如今丞相之位依旧空悬,一帮中枢大臣就像是抢肉的狗,正是积极之时,闻言便立刻有人道:“陛下,此贼占据梁郡,公然举其反旗,须立刻出兵,将其扼杀,否则待其坐大,勾连四方,恐再难制。”
“不错,一旦有其余野心之人响应,剿灭之难度或许便要变得极大。

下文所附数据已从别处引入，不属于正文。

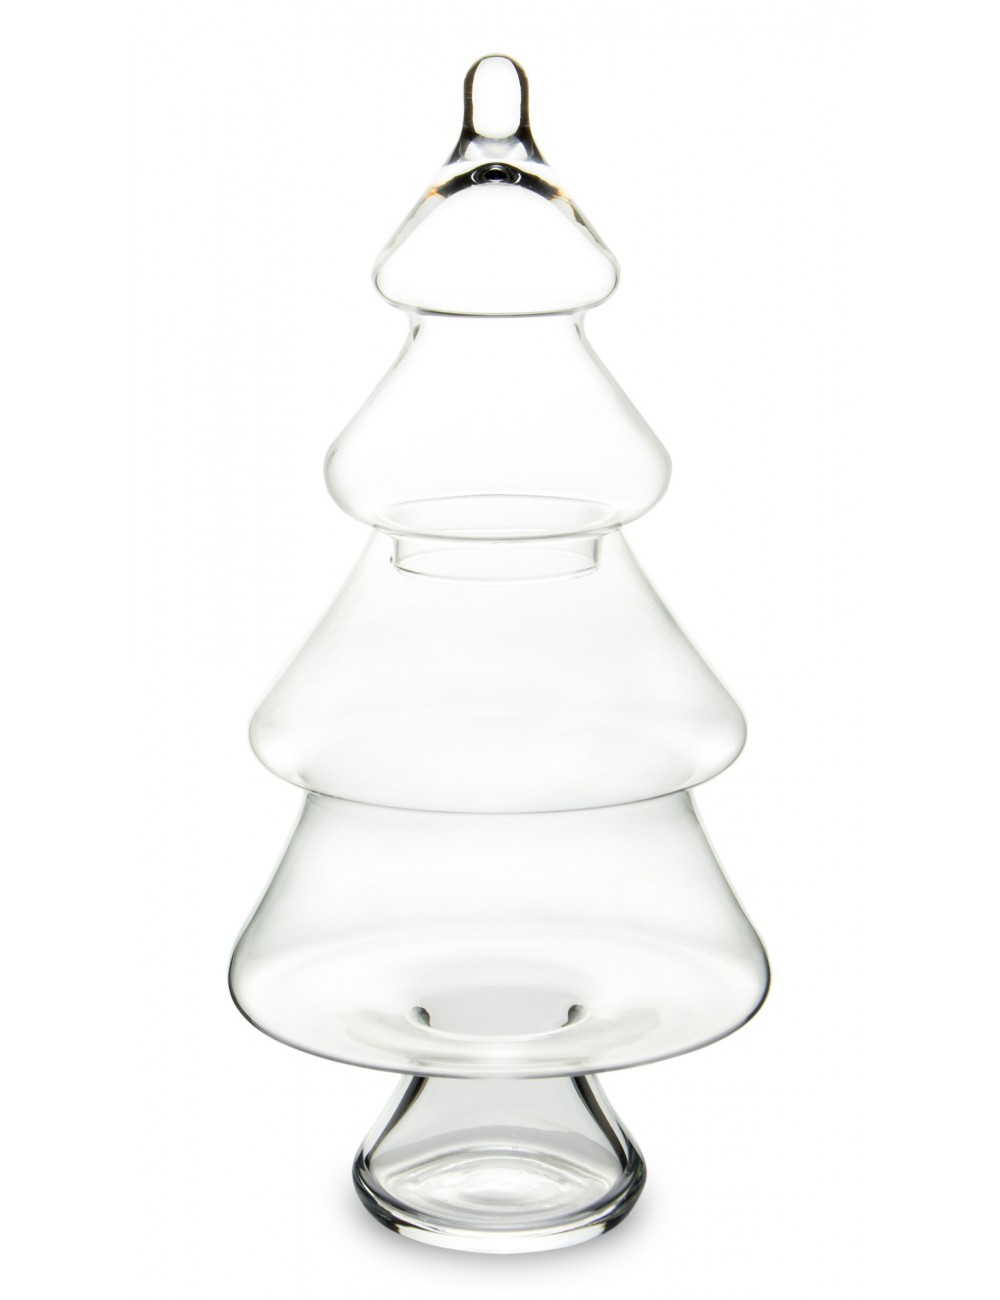 Szklana transparentna bombonierka CHOINKA na słodycze, światełka 40 cm

必须以雷霆之力镇压,以震慑乱臣贼子!”
众人纷纷建言,但这时候,吏部尚书缓缓道:“陛下,老臣以为,此事来得蹊跷,之前并未有过听闻,会不会与龙首州那边有关?”
这句话说得委婉,众人却皆是一凛,看着开口的吏部尚书,不知道这位心里到底打着什么算盘。
崇宁帝也拧着眉头,在地图上仔细看着,忽然眉头一展,哈哈一笑,“无妨!传英国公觐见!”
朝廷的动作很快,只用了两日,便定下了英国公领三万精兵,进军四象州,剿灭叛乱的诸事。
因为姜玉虎还在破梁山,英国公挂帅之事也是理所应当,没有任何人有异议。
中枢也全力动员,很快将兵员集结,户部准备的军粮和军需也在源源不断地出发,保障后勤。
站在城楼上,望着大军远去,崇宁帝嘴角冷冷一笑。
这三万军,是剿匪的,同时也是为他解心腹大患的。
他已经命人发了一封密令给萧凤山,令其亲领三千精兵,袭击叛军后路,与正面大军前后夹击。
如果萧凤山不来,英国公平叛之后,三万大军便可顺势进军龙首州,逼其束手,执其问罪于君前。
若是萧凤山来,便可顺势收其兵,引其入京。
萧凤山只要离开龙首州,便是没了牙的老虎,只能任他宰割,而东宫的大患也可以就此解除。
不论这场叛乱是不是萧凤山暗中支持的,朕都有办法让他搬起石头砸自己的脚!
想到这儿,他忍不住得意一笑,心头一阵轻松,转身吩咐,“回宫!”
回了宫里,又去走了一圈即将竣工的万宝楼,时间便渐渐到了傍晚。
本欲起身直接去往长乐宫的他又忍不住有些发愁地停下脚步。
英国公刚刚领兵出征,似乎应该去照看一下淑妃,
但跟德妃待在一起,他心头更放松些,而且德妃把后宫打理得井井有条,一点岔子都没闹到他跟前,夏景昀也同样在为他出力。
端起茶盏抿了一口,感慨着这一碗水也不好端平啊!
正想着,高益匆匆跑了过来,一向宫廷礼仪从不出错的他,此刻步子都忍不住迈得有些慌乱。
他的声音都有些发颤,“陛下!竹林来人,请陛下速至竹林!”
啪!
崇宁帝手中昂贵的茶盏,跌落在地,摔得粉碎。